I’m currently practicing on Ubuntu in a VM and trying to move towards system administration / cloud roles, so I’m really interested in knowing what helped you break out of the beginner stage.
Would love to hear your experiences 🙏
bbqwatermelon@reddit
Ignoring desktop environments entirely. I get aggravated every time I find issues like having to research magic commands to get a touchpad working in MX Linux or inconsistent on screen keyboard in Gnome. Getting into containers and managing through web interfaces is actual admin stuff.
gruntbuggly@reddit
A colleague gave me a copy of Debian to play around with. I can’t remember what release it was, but it had a 0.99 kernel. I cannot tell you how many times I had to reinstall it because I kept blowing it up. There was a lot of learning that year.
rookie_one@reddit
Understanding that in unix-based system, everything is truly a file
uptimefordays@reddit
If you’re coming from Windows, learning PowerShell is likely the most effective way to learn Linux. It familiarizes you with the command-line interface (CLI) and pipelines.
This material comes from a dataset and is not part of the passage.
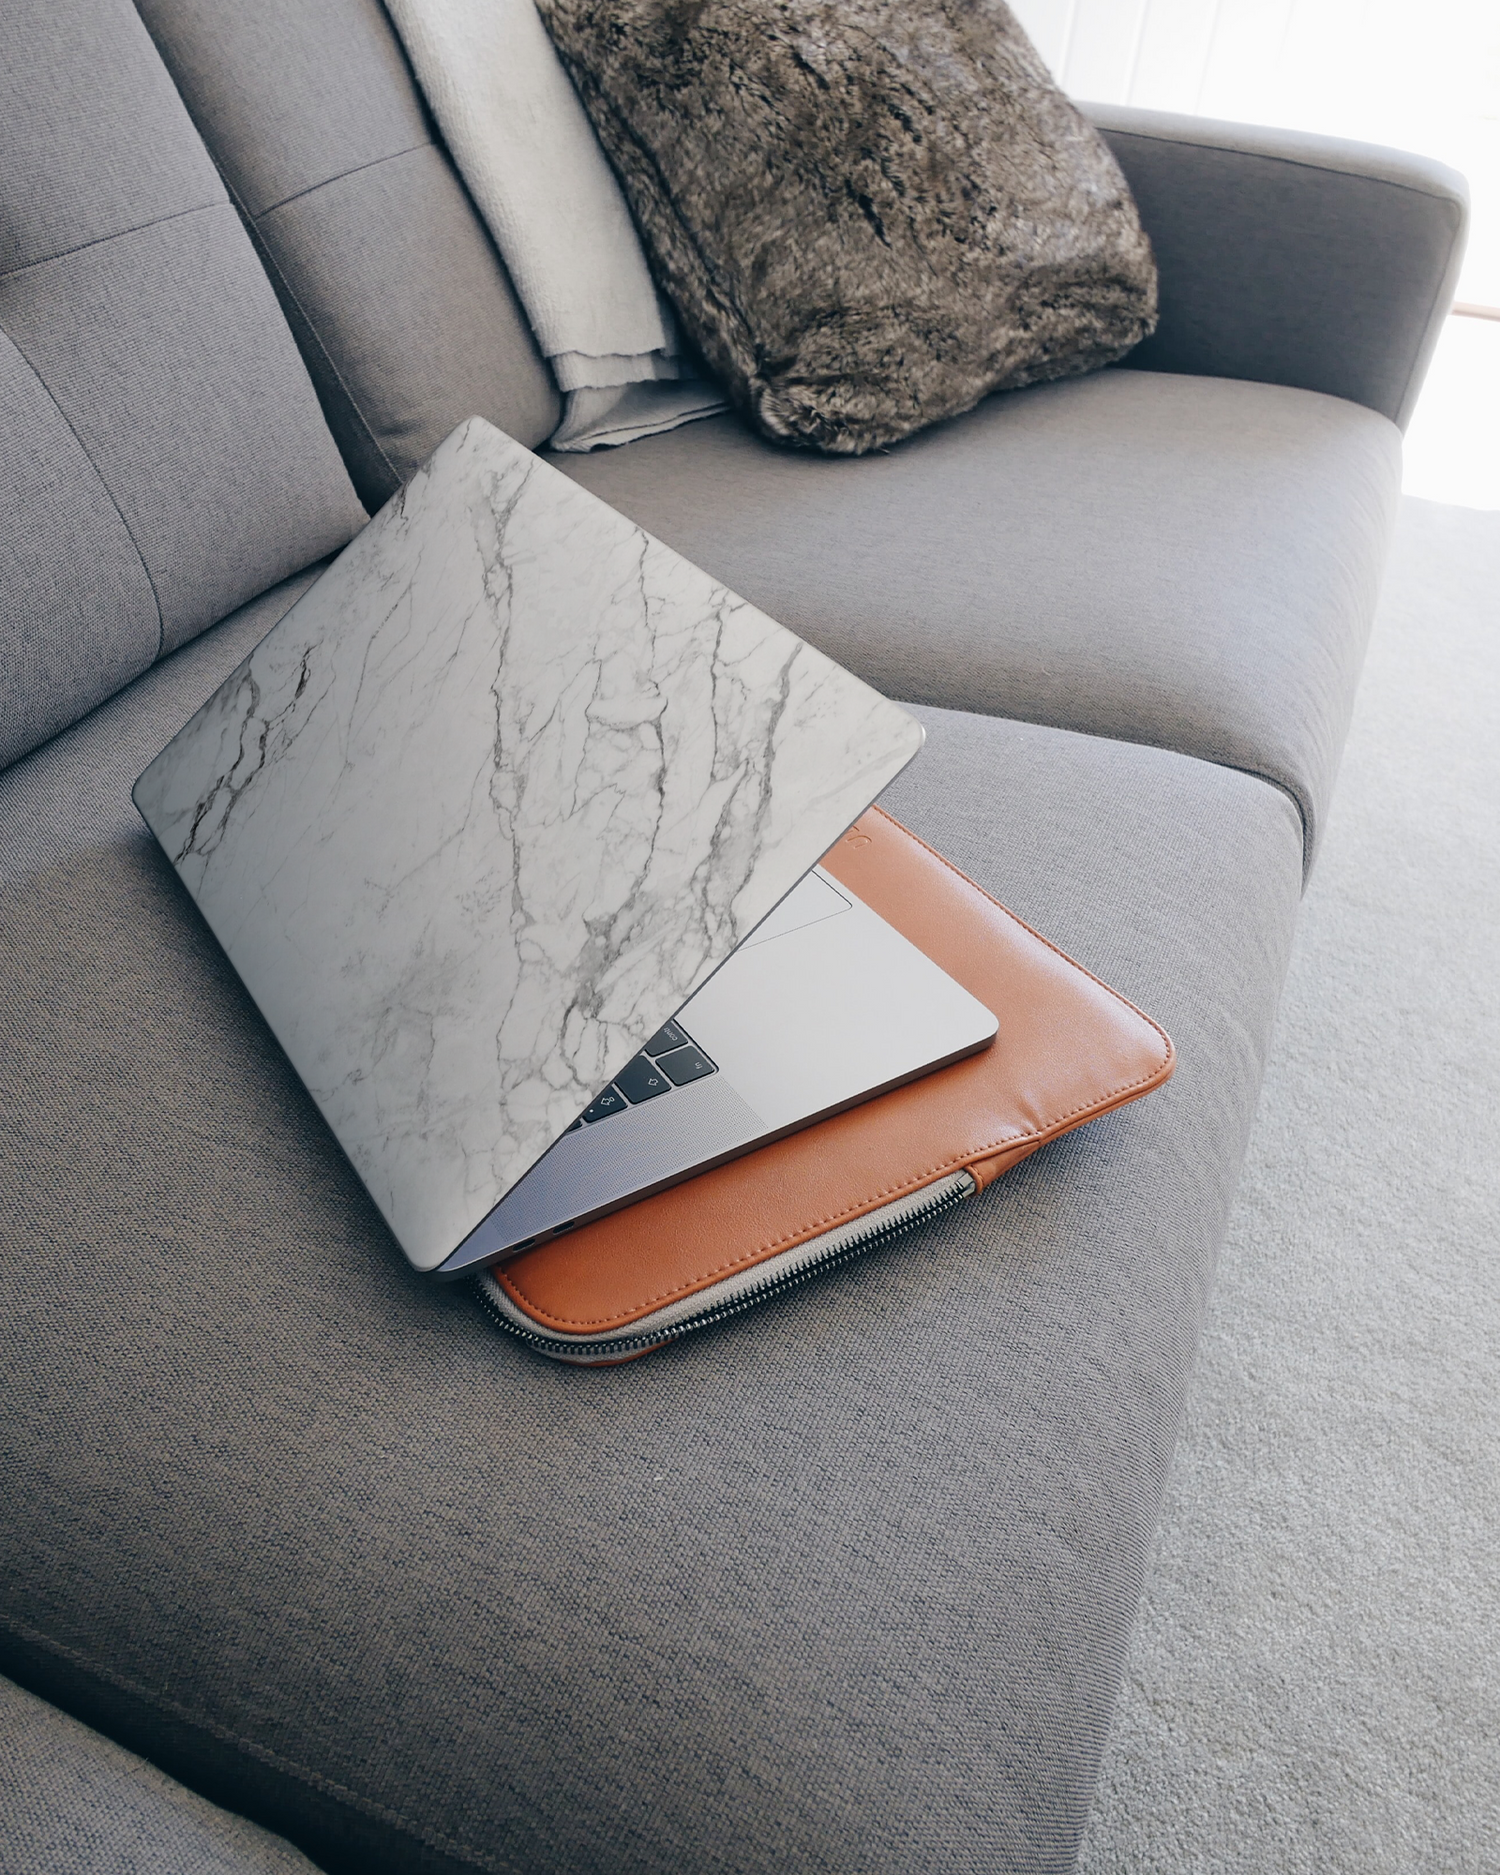 White Marble Laptop Skin for 15 inch Apple MacBooks on a couch
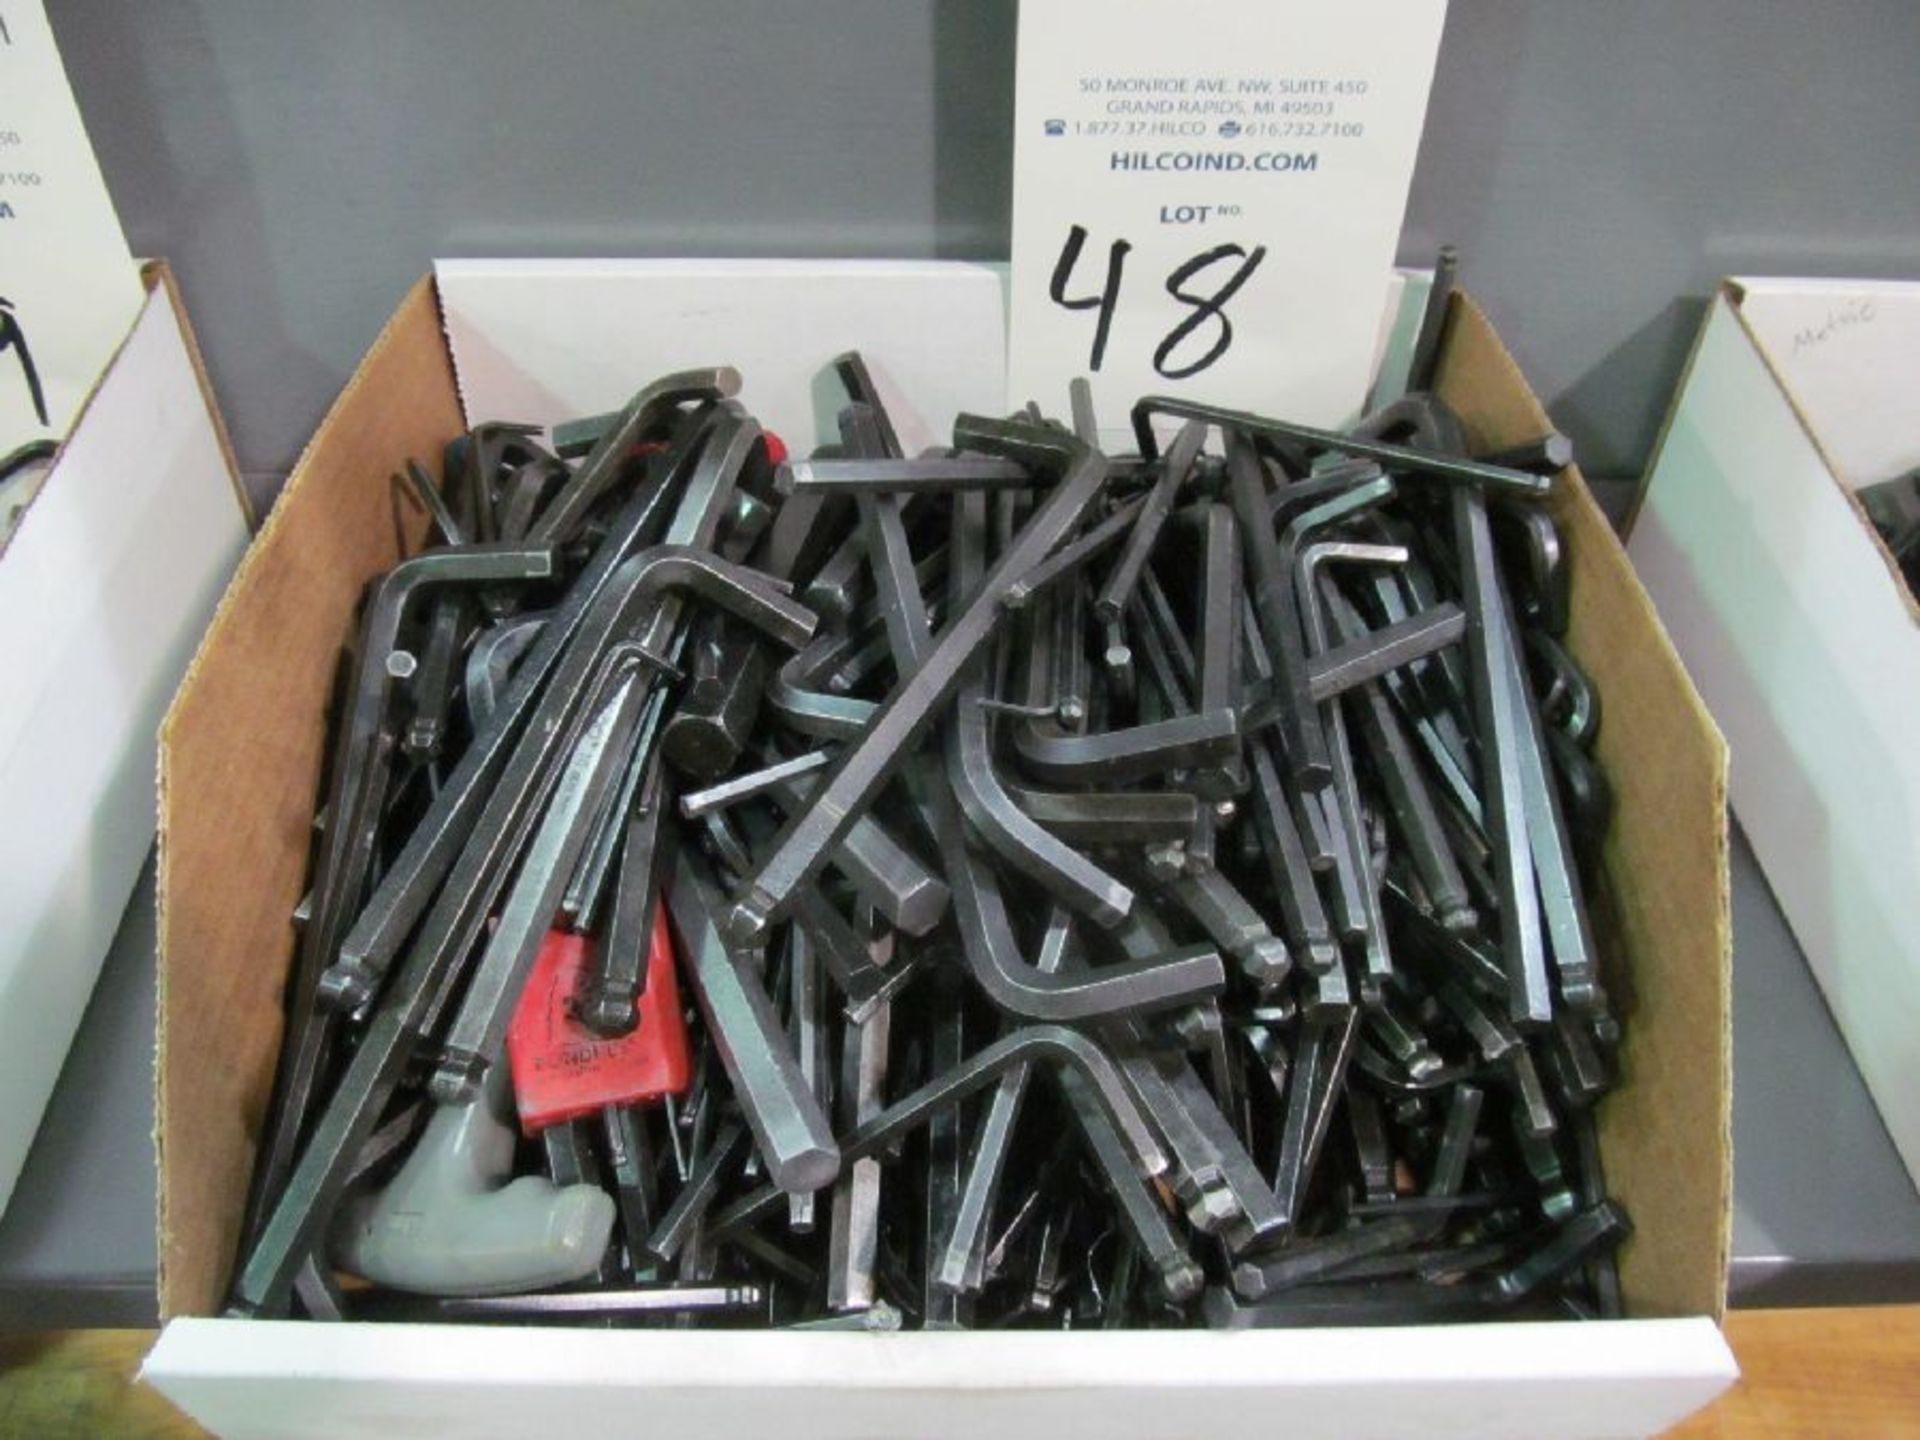 Hex Wrenches

The conceptual skills acquired by “controlling an operating system (Windows, in this case) through commands rather than pointing and clicking” will enhance your understanding of both Linux and operating systems in general.
chat-lu@reddit
Around 2000. It was a better choice to switch to from Win98 than the alternative.
commsbloke@reddit
About 29 years ago when using Linux I could integrate monitoring Novell Servers into SunNet Manager.
Pertinax1981@reddit
My job forced me from a windows based support team to a linux based team and I had to learn on the fly. Sometimes being thrown to the wolves pays off
thebigshoe247@reddit
That's basically my career summed up... It even includes AS/400
RoboRougar0u@reddit
I'm SysAdmin for a community bank and when i started we had an in house AS/400 and I hated it so much. We recently switched to a co-op that houses the as/400 and provides a web based interface for it. I could not be happier not having to keep that thing updated and manually moving backups to tapes and offsite ftps.
Huge pain in the ass to deal with but damn if they aren't reliable as fuck.
thebigshoe247@reddit
Yup.
I remember being happy about leaving my AS/400 behind when I jumped ship... Only for the AIX guy to have a stroke... Guess what I then inherited?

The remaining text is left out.